The world wide web (or “web”) has seen a rapid explosion of information in the past few years. The rapid growth and dynamic nature of the web makes it important to be able to perform resource discovery effectively off the web. Consequently, several new techniques have been proposed in recent years. Among them, a key idea is focused on “crawling” which is a resource discovery technique allowing large relevant portions of the world wide web to be quickly searched without having to explore all web pages.
A “crawler” is a software program which can perform large scale collection of web pages from the world wide web by fetching web pages in a structured fashion. A crawler functions by first starting at a given web page; transferring it from a remote server using, for example, HTTP (HyperText Transfer Protocol); then analyzing the links inside the file and transferring those documents recursively.
This invention addresses the problem of intelligent resource discovery on the world wide web. In recent years, the problem of performing effective resource discovery by focused crawling and searching has received considerable attention, see, e.g., S. Chakrabarti et al., “Focused Crawling: A new approach to topic-specific resource discovery,” Computer Networks, 31:1623-1640, 1999; and S. Chakrabarti et al., “Distributed Hypertext Resource Discovery Through Examples,” VLDB Conference, pp. 375-386, 1999. One approach on focused crawling proposes the discovery of resources by using the simple model that pages linking from a particular topic are likely to point to the same topic. Thus, the crawler is forced to stay focused on specific topics while performing the resource discovery on the web. The idea of the focused crawler as proposed in the above-referenced S. Chakrabarti et al. article, “Focused Crawling: A new approach to topic-specific resource discovery,” is to only recover a small percentage of the documents on the world wide web which are topic specific.
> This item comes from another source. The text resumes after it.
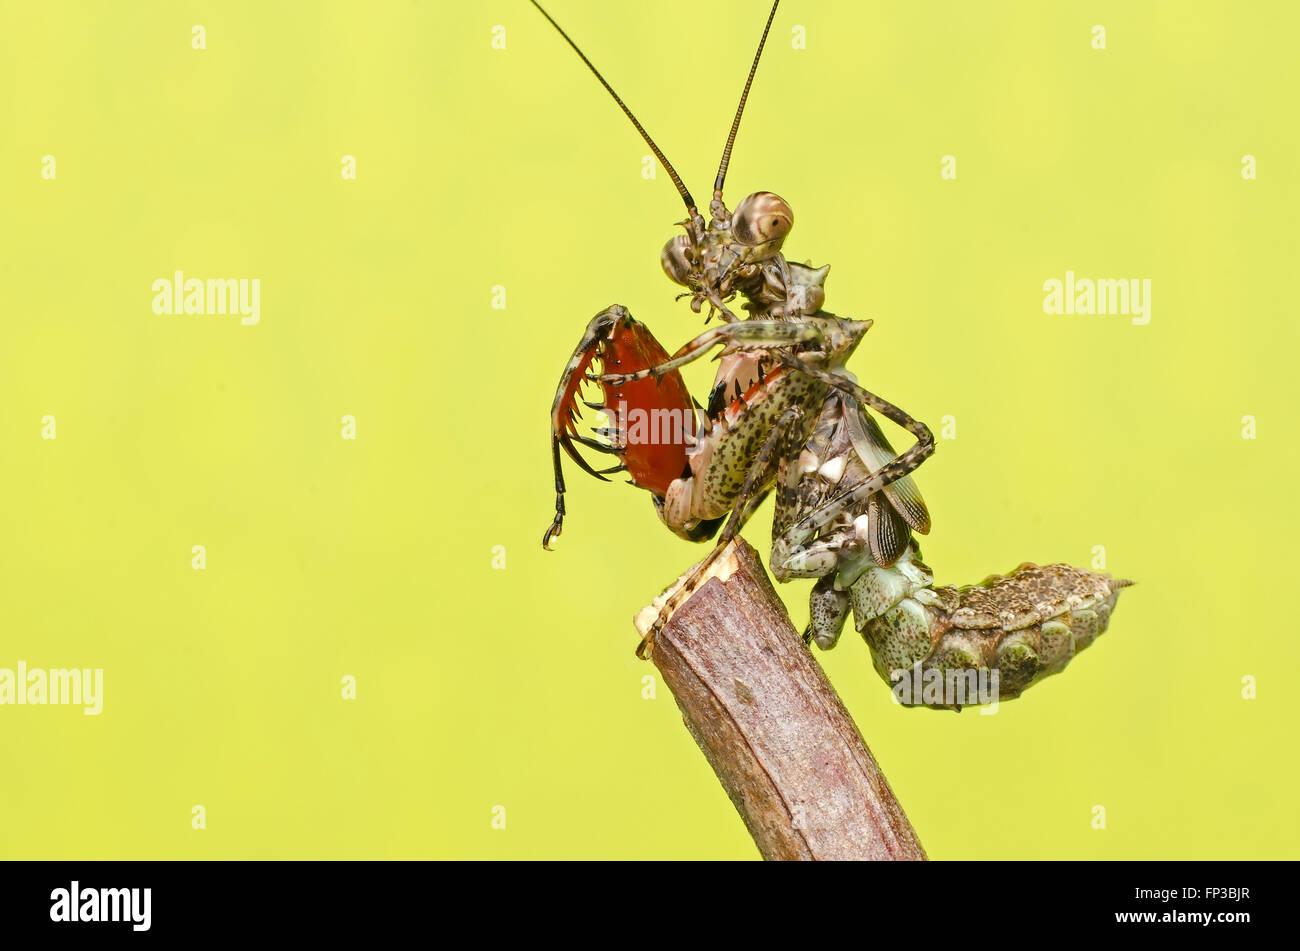 Gottesanbeterin. Pachymantis Bicingulata Nymphe Stockbild

Furthermore, the crawler may be used only in the context of a hypertext classifier (pre-trained with some data; which also requires resource discovery). Provision of such trained hierarchical classifiers which are well representative of the web resource structure is not always possible from a practical perspective. The crawling technique is highly sensitive to the nature and specificity of the classes in the hypertext classifier, and the quality of the hierarchy used. If the classes are too specific, the crawler stalls; if the classes are too broad, the crawler diffuses away. Often, administrator guidance is needed in order to prevent such difficulties. The intelligence and quality of crawling may be hidden in the nature of the initial hierarchical trained classes provided, and the skill of the administrator in a process which may require hours. Furthermore, users are often likely to want to provide arbitrary predicates in order to perform resource discovery. These arbitrary predicates could be simple keywords (as in search engines where pre-crawled data is stored); topical searches using hypertext classifiers (as in focused crawling); document similarity queries; topical linkage queries; or any combination of the above. The only restriction is that the predicate should be efficiently computable.
The focused crawling approach is a somewhat simple model where it is assumed that the web has a specific a linkage structure in which pages on a specific topic are likely to link to the same topic. Considerable input is required from the system in terms of training data, classification hierarchy, starting points and administrator support. This may not always be possible in many systems.